# Golf Cart Battery Question



## ChristopherA.King (Sep 16, 2012)

I just noticed when I charge my cart the batteries make some noise like bubbling. Is this normal I have had to put water in them before. Could it be that I didn't fill them enough? Any input would be great. Thanks in advance for the help.
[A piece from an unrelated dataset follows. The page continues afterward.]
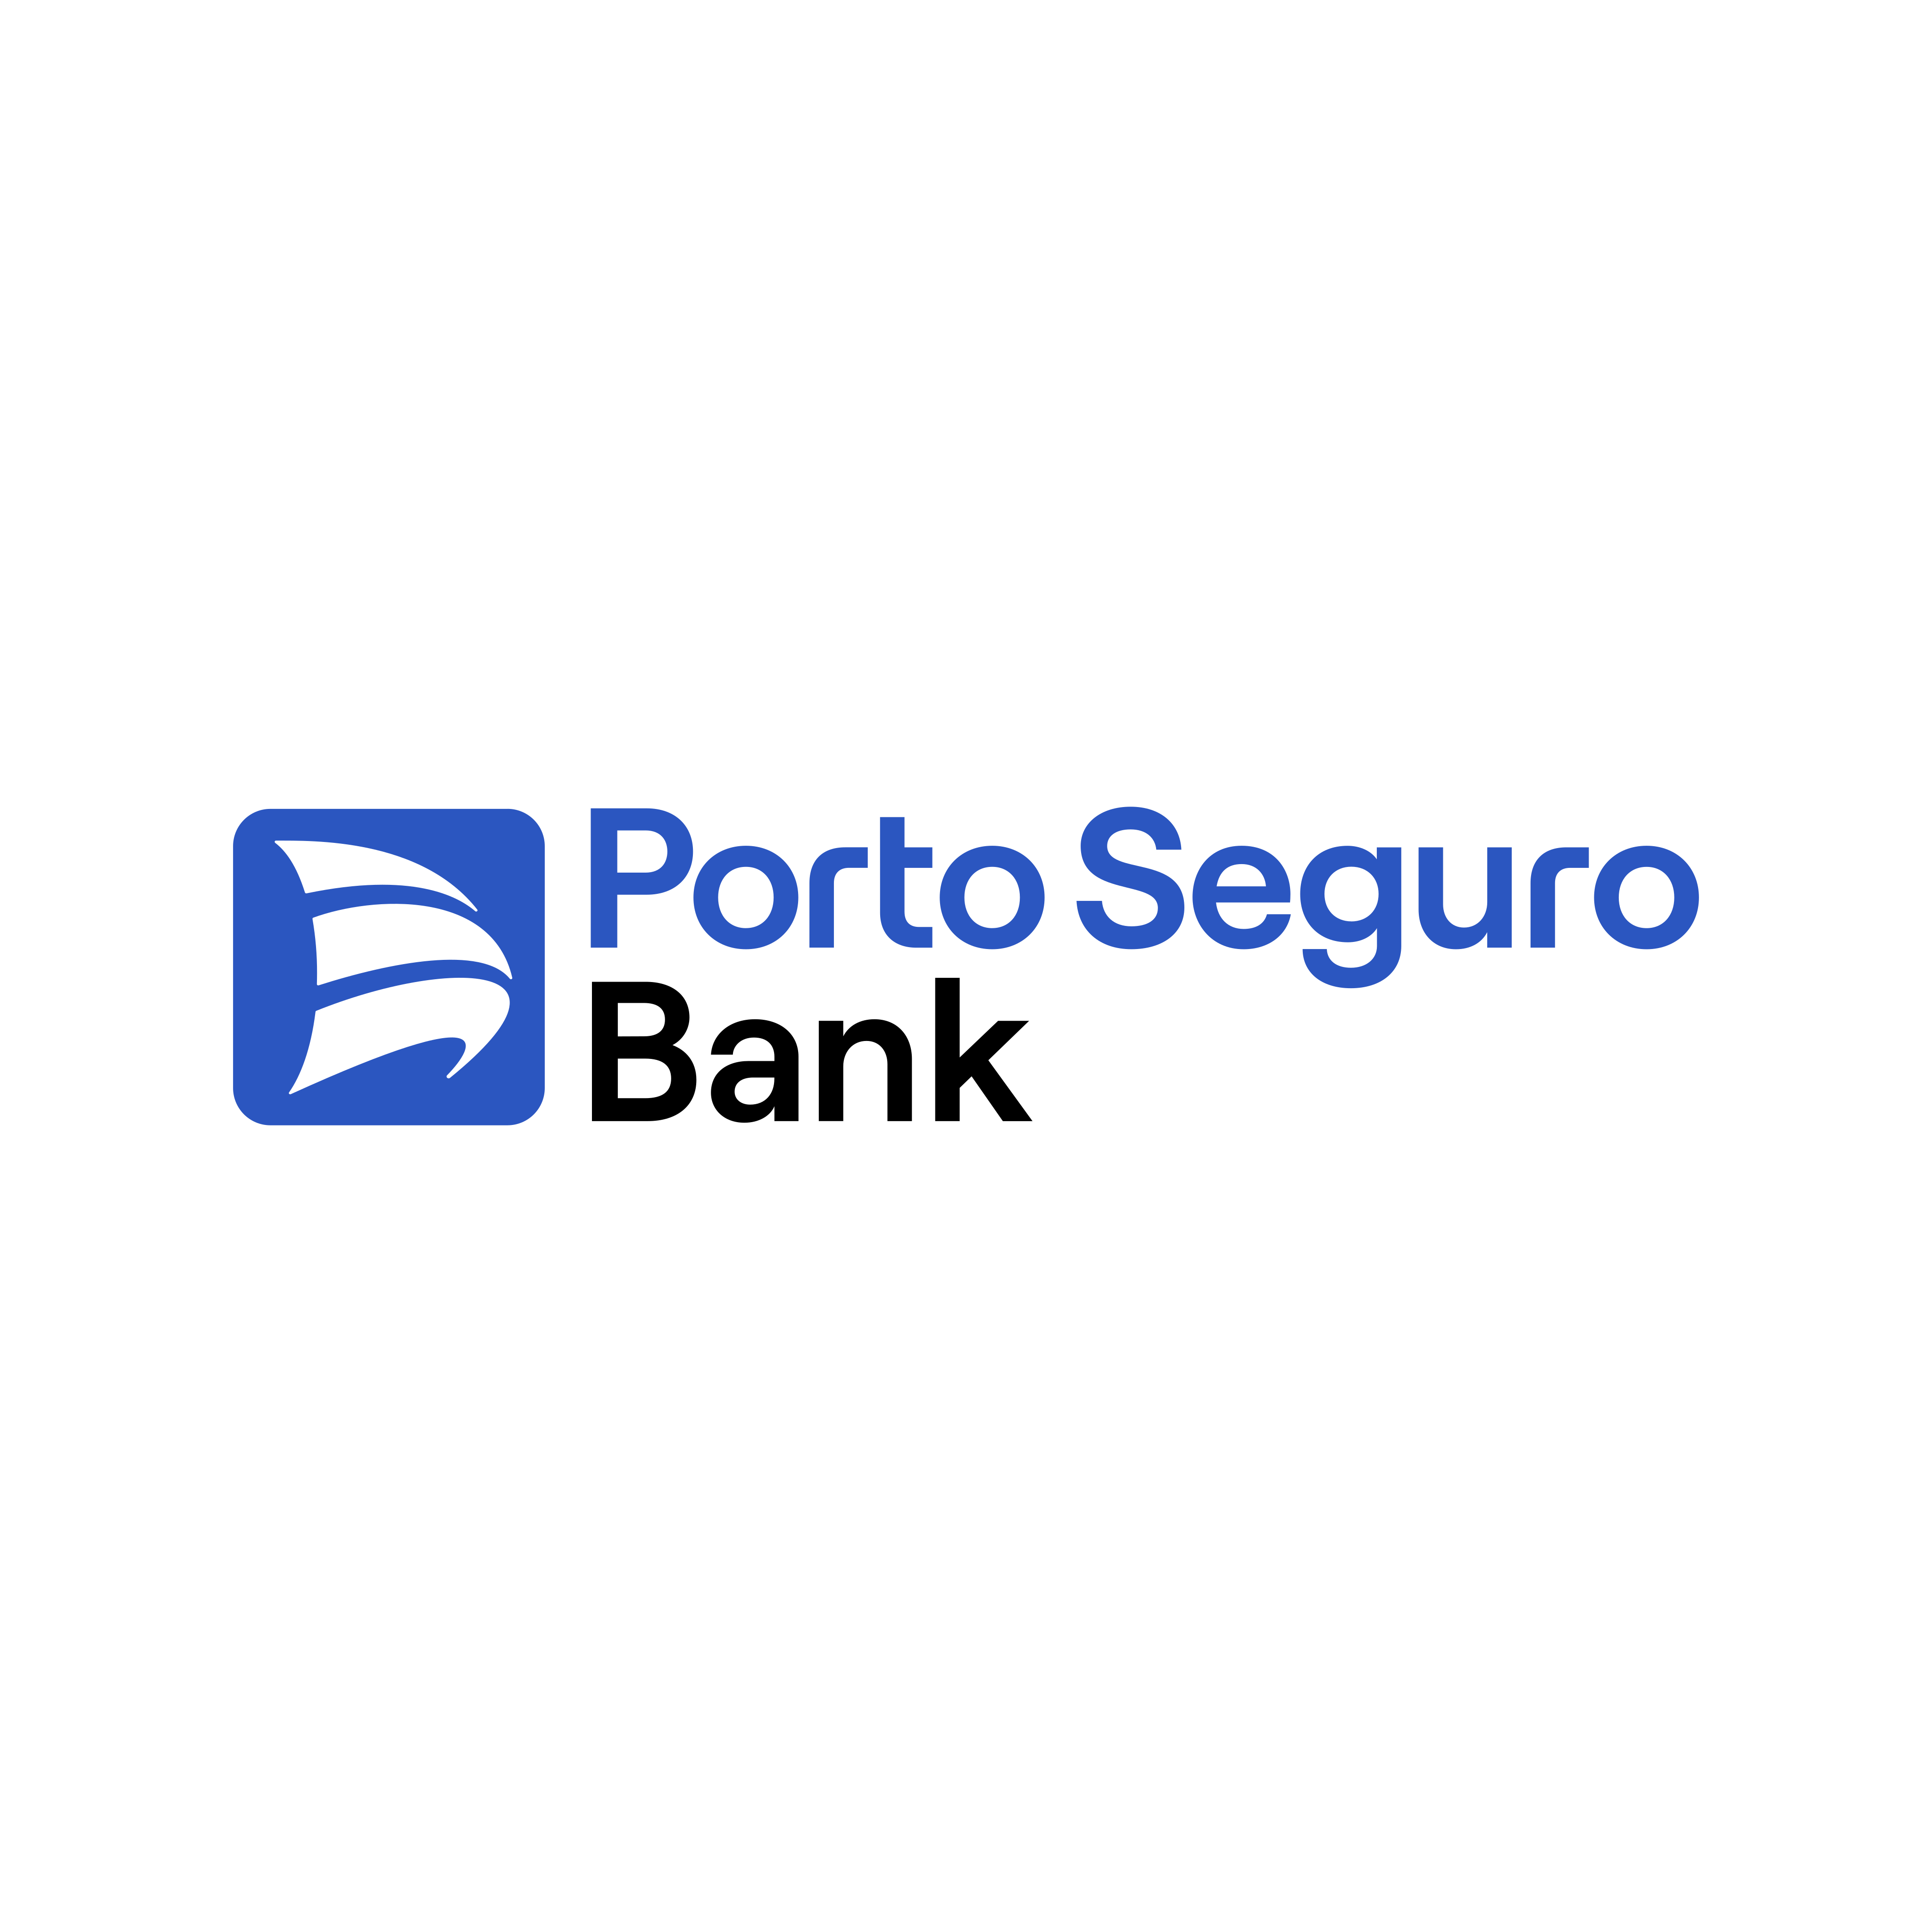 Porto Seguro Bank Logo PNG.

Someone here always know just what  going on you guys are great!


----------



## BONE (Sep 16, 2012)

CHECK BUGGIES UNLIMITED FORUM

http://server1.buggiesunlimited.com/phpBB2/


----------



## rjcruiser (Sep 17, 2012)

Yes...it's normal.  The batteries get warm when charging and the water starts to boil.  If you over fill the batteries with water, it will bubble over and get your floor with acid. 

Just make sure you use distilled water when you fill up those batteries.


----------



## Gaducker (Sep 17, 2012)

if you have never put water in the batts  you can put acid in them and they will last alot longer.


----------



## 7 point (Sep 17, 2012)

Its normal mine always does that and I called the local shop and they said its normal too.


----------



## ChristopherA.King (Sep 21, 2012)

Thanks guy just wasn't sure I bought the cart used and I am hoping the batt. last at least through deer season.


----------



## cb1967 (Sep 22, 2012)

*batteries*

be very cautious when connecting and disconnecting those things. try to keep the seat or something between them and your face, they will explode occaisionally.


----------